▶ _Dataset excerpt_

== == ==

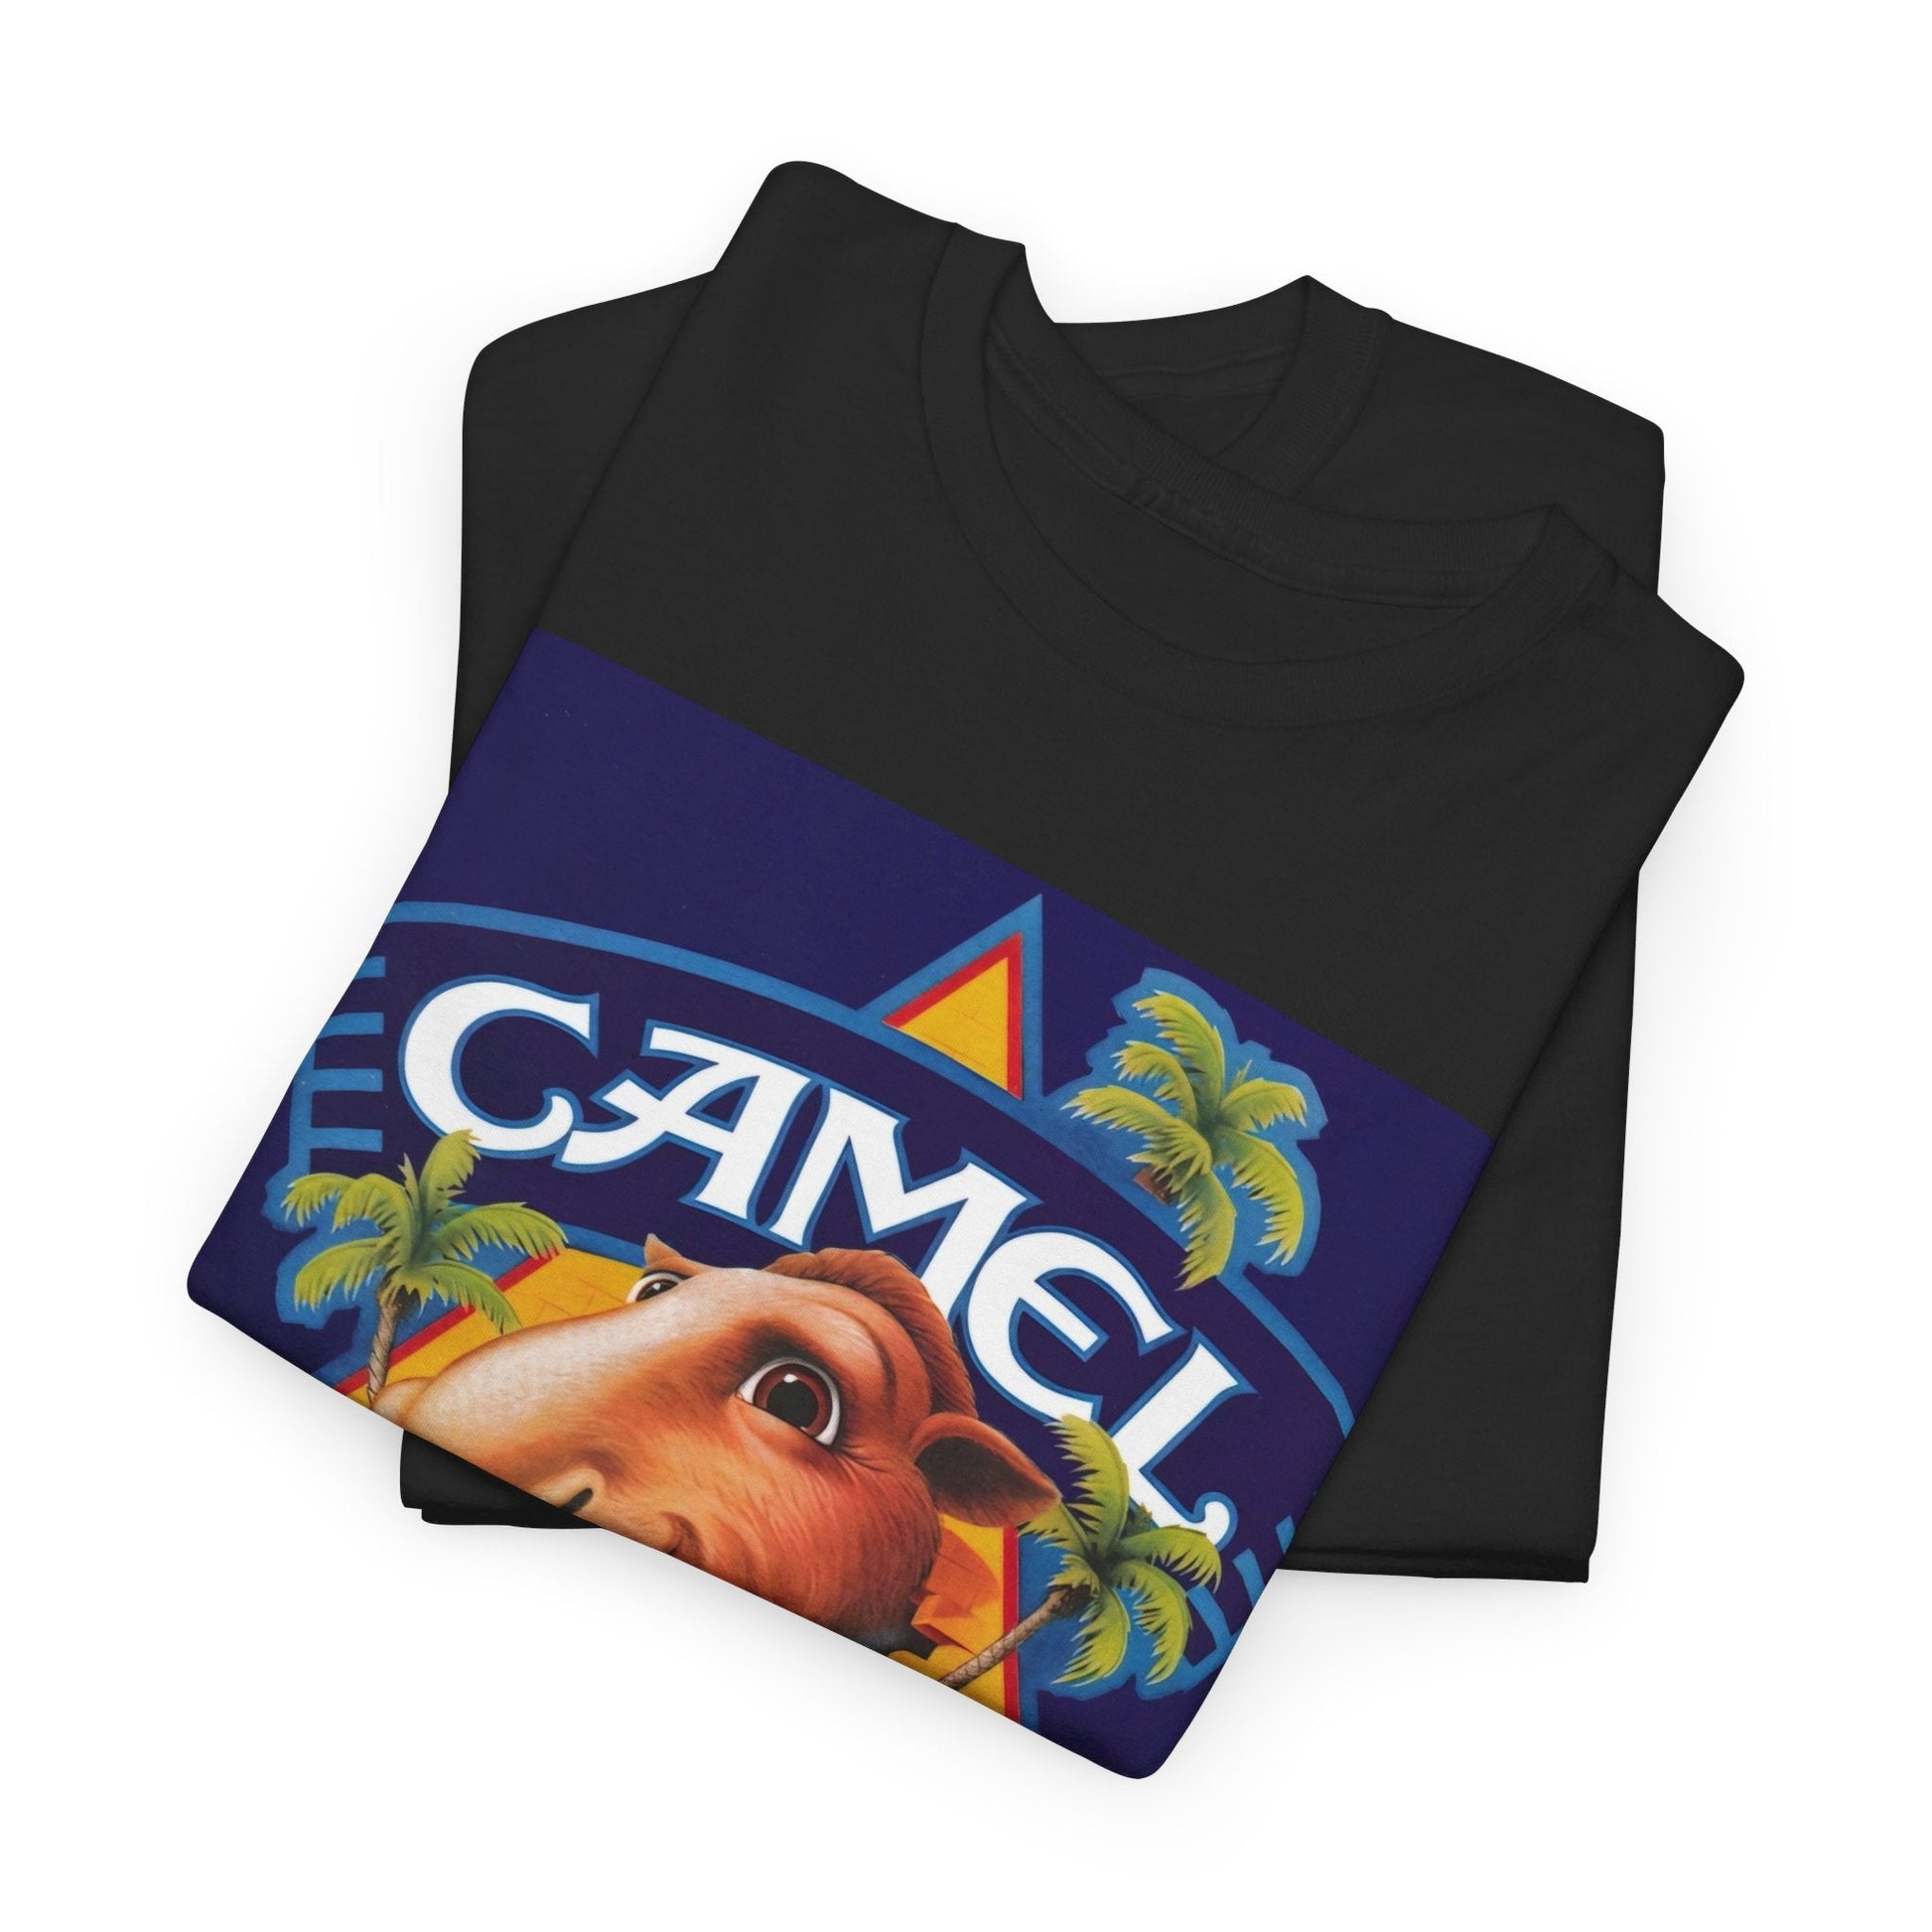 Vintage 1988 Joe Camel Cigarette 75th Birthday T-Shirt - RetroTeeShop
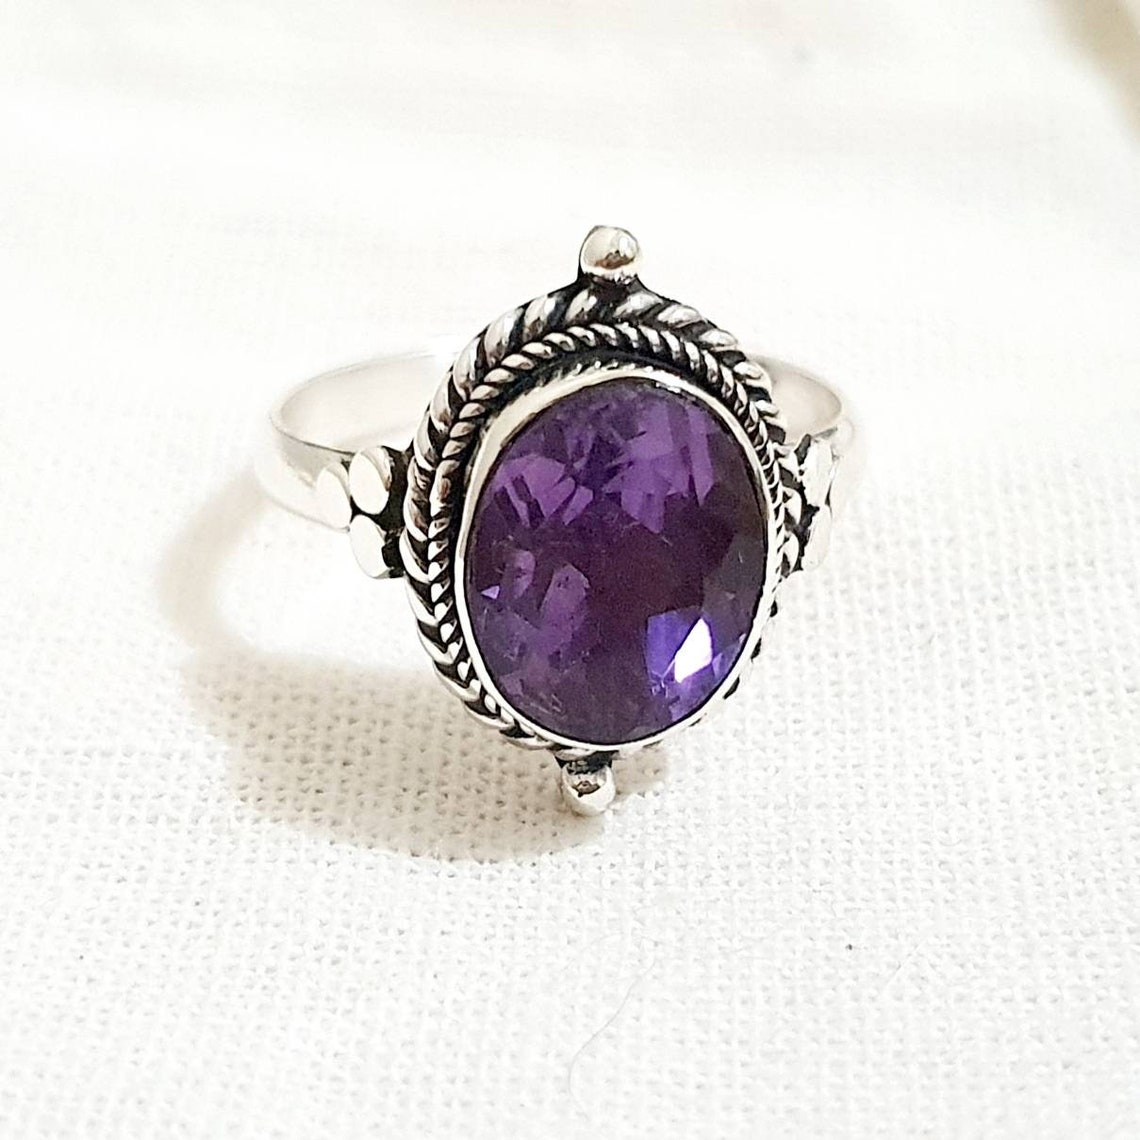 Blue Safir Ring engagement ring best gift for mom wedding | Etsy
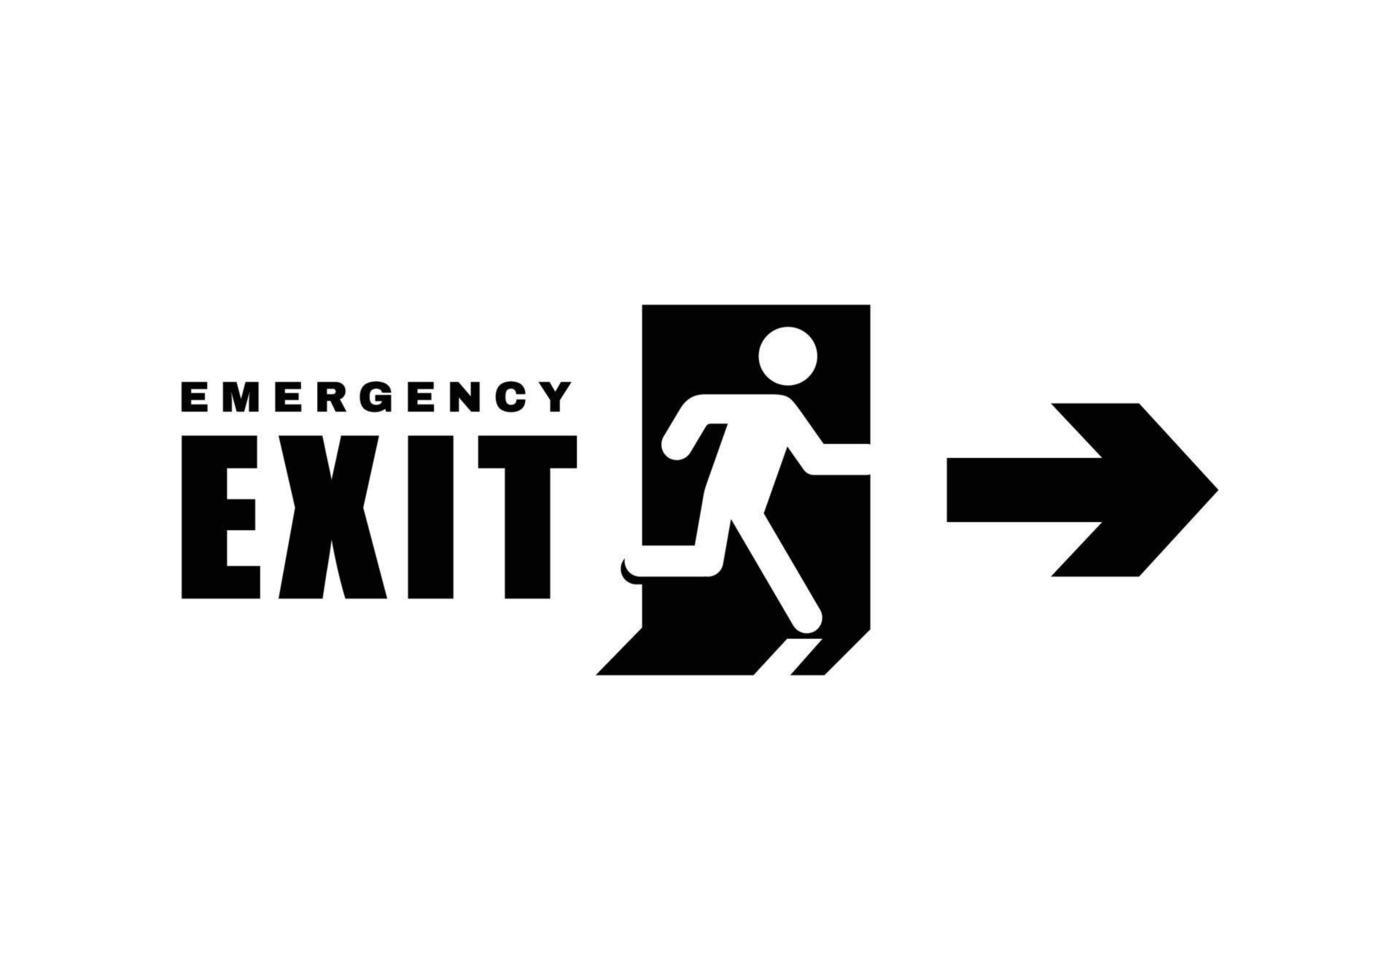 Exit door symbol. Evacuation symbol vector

== == ==

▶ _To do_
Print the material above exactly, skipping its images.

▶ _Worked solution_
 Vintage 1988 Joe Camel Cigarette 75th Birthday T-Shirt - RetroTeeShop
 Blue Safir Ring engagement ring best gift for mom wedding | Etsy
 Exit door symbol. Evacuation symbol vector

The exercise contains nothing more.